Result: every row is non-negative and sums to 1 — a valid probability distribution over classes:

X = d2l.rand((2, 5))
X_prob = softmax(X)
X_prob, d2l.reduce_sum(X_prob, 1)
(<tf.Tensor: shape=(2, 5), dtype=float32, numpy=
 array([[0.18055958, 0.17420632, 0.24367459, 0.2057537 , 0.19580577],
        [0.16664788, 0.12496491, 0.14281595, 0.24873221, 0.31683904]],
       dtype=float32)>,
 <tf.Tensor: shape=(2,), dtype=float32, numpy=array([1., 1.], dtype=float32)>)

The model

Flatten each 32×32 image into a 1024-vector, hit one linear layer that outputs 10 logits — one per class:

class SoftmaxRegressionScratch(d2l.Classifier):
    def __init__(self, num_inputs, num_outputs, lr, sigma=0.01):
        super().__init__()
        self.save_hyperparameters()
        self.W = tf.random.normal((num_inputs, num_outputs), 0, sigma)
        self.b = tf.zeros(num_outputs)
        self.W = tf.Variable(self.W)
        self.b = tf.Variable(self.b)

The forward pass = flatten → linear → softmax:

def forward(self, X):
    X = d2l.reshape(X, (-1, self.W.shape[0]))
    return softmax(d2l.matmul(X, self.W) + self.b)

Cross-entropy loss

For label y (an integer class), the loss on one example is just

\ell = -\log \hat{y}_{y}

— the negative log of the predicted probability of the correct class.

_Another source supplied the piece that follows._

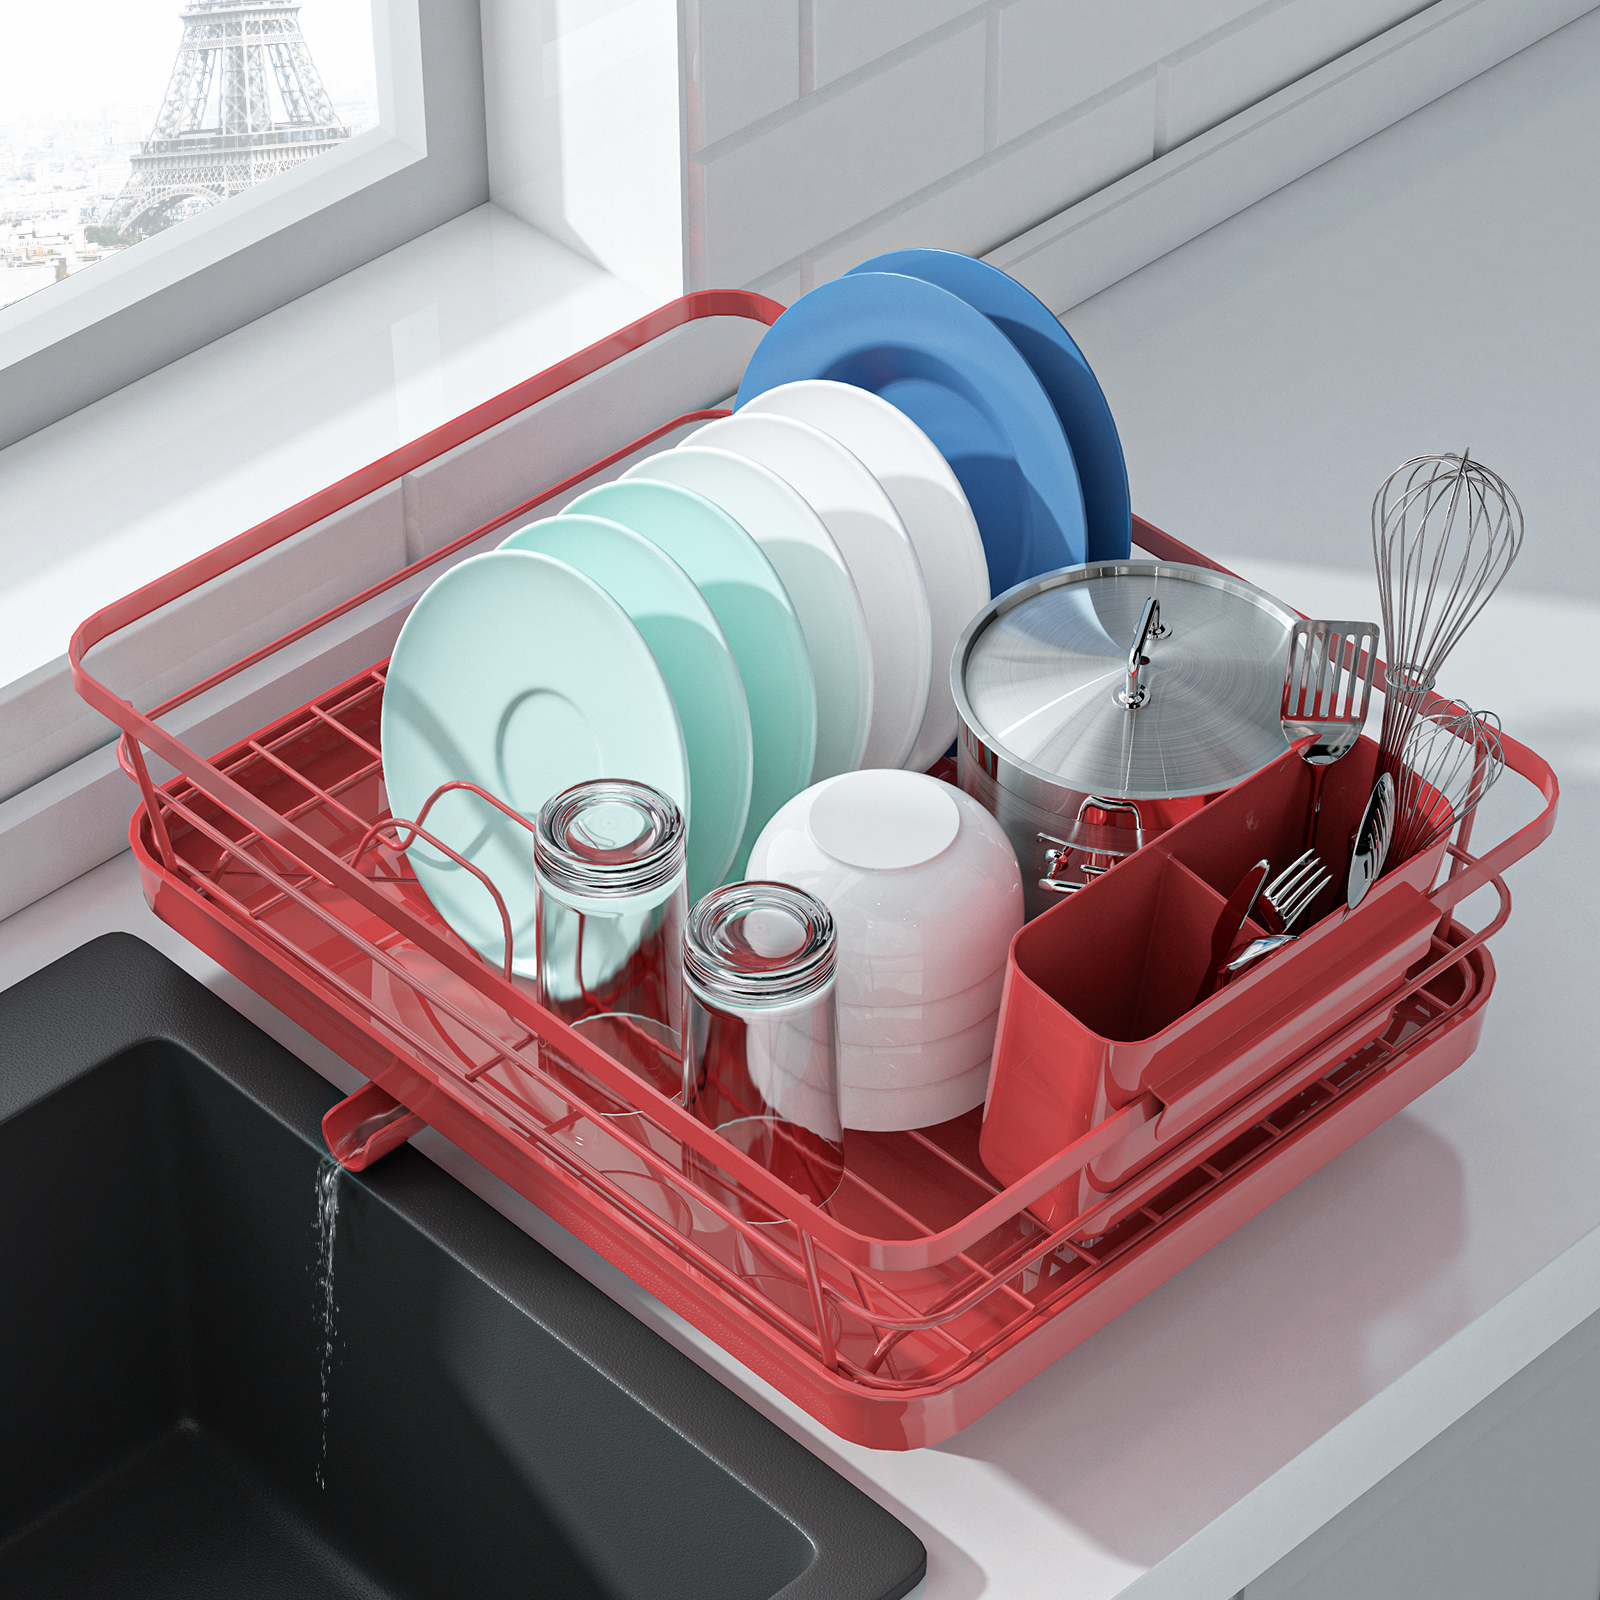 Kitsure Dish Drying Rack - Adjustable & Space-Saving Dish Rack (25.5-3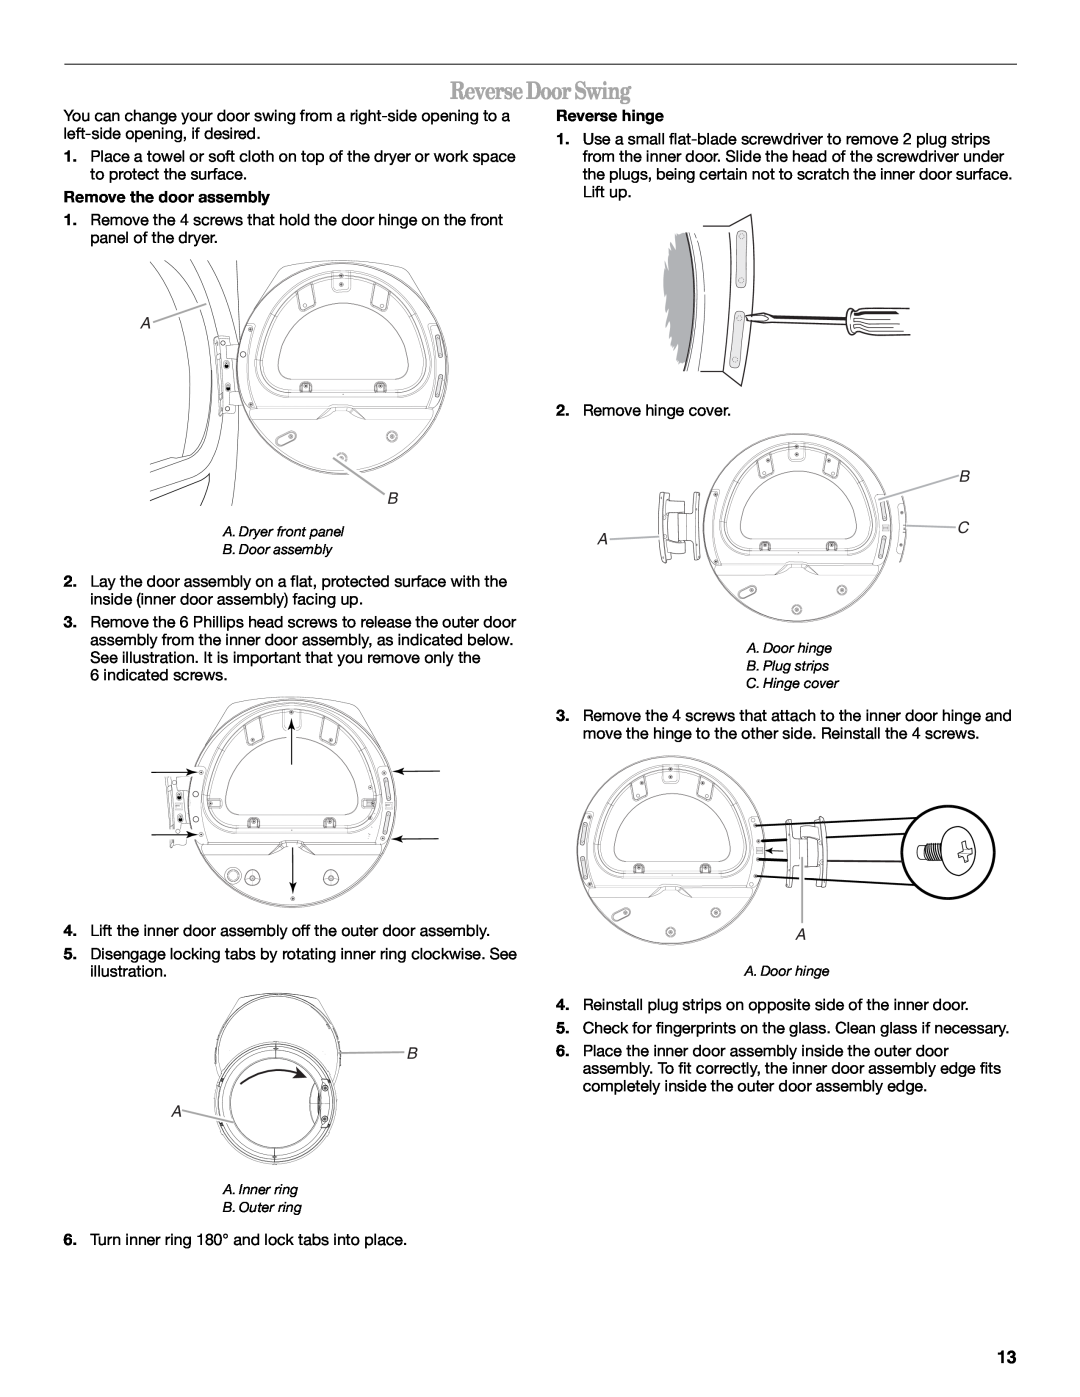 Whirlpool DUET SPORT, W10057260 manual ReverseDoorSwing, Remove the door assembly, Reverse hinge, B C A

Here are two examples with 3 classes:

y_hat = tf.constant([[0.1, 0.3, 0.6], [0.3, 0.2, 0.5]])
y = tf.constant([0, 2])
tf.boolean_mask(y_hat, tf.one_hot(y, depth=y_hat.shape[-1]))
<tf.Tensor: shape=(2,), dtype=float32, numpy=array([0.1, 0.5], dtype=float32)>

Implementing it

One line — fancy indexing pulls out y_hat[i, y[i]] for each example, then negative log:

def cross_entropy(y_hat, y):
    p = tf.boolean_mask(y_hat, tf.one_hot(y, depth=y_hat.shape[-1]))
    # Tiny clip to keep log finite when softmax outputs underflow to 0.
    return -tf.reduce_mean(tf.math.log(tf.maximum(p, 1e-12)))

cross_entropy(y_hat, y)
<tf.Tensor: shape=(), dtype=float32, numpy=1.497866153717041>
def loss(self, y_hat, y):
    return cross_entropy(y_hat, y)

Train

10 epochs on Fashion-MNIST. The base Classifier already handles the validation loop and accuracy reporting:

data = d2l.FashionMNIST(batch_size=256)
model = SoftmaxRegressionScratch(num_inputs=784, num_outputs=10, lr=0.1)
trainer = d2l.Trainer(max_epochs=10)
trainer.fit(model, data)

Predicting

Pull a fresh validation batch and look at predicted vs. true classes:

X, y = next(iter(data.val_dataloader()))
preds = d2l.argmax(model(X), axis=1)
preds.shape
TensorShape([256])

Tile the misclassified images, captioned with predicted / true:

wrong = d2l.astype(preds, y.dtype) != y
X, y, preds = X[wrong], y[wrong], preds[wrong]
labels = [a+'\n'+b for a, b in zip(
    data.text_labels(y), data.text_labels(preds))]
data.visualize([X, y], labels=labels)

Linear models cap out around ~83% on Fashion-MNIST — easy classes right, ambiguous shirt-vs-pullover wrong.

Recap

  • Softmax = exp + row-sum normalization → probabilities.
  • Cross-entropy = -\log p_\text{correct}, the standard classification loss.
  • A 10-output linear layer + softmax + CE loss is the baseline classifier — anything fancier (MLPs, CNNs) just replaces the forward pass.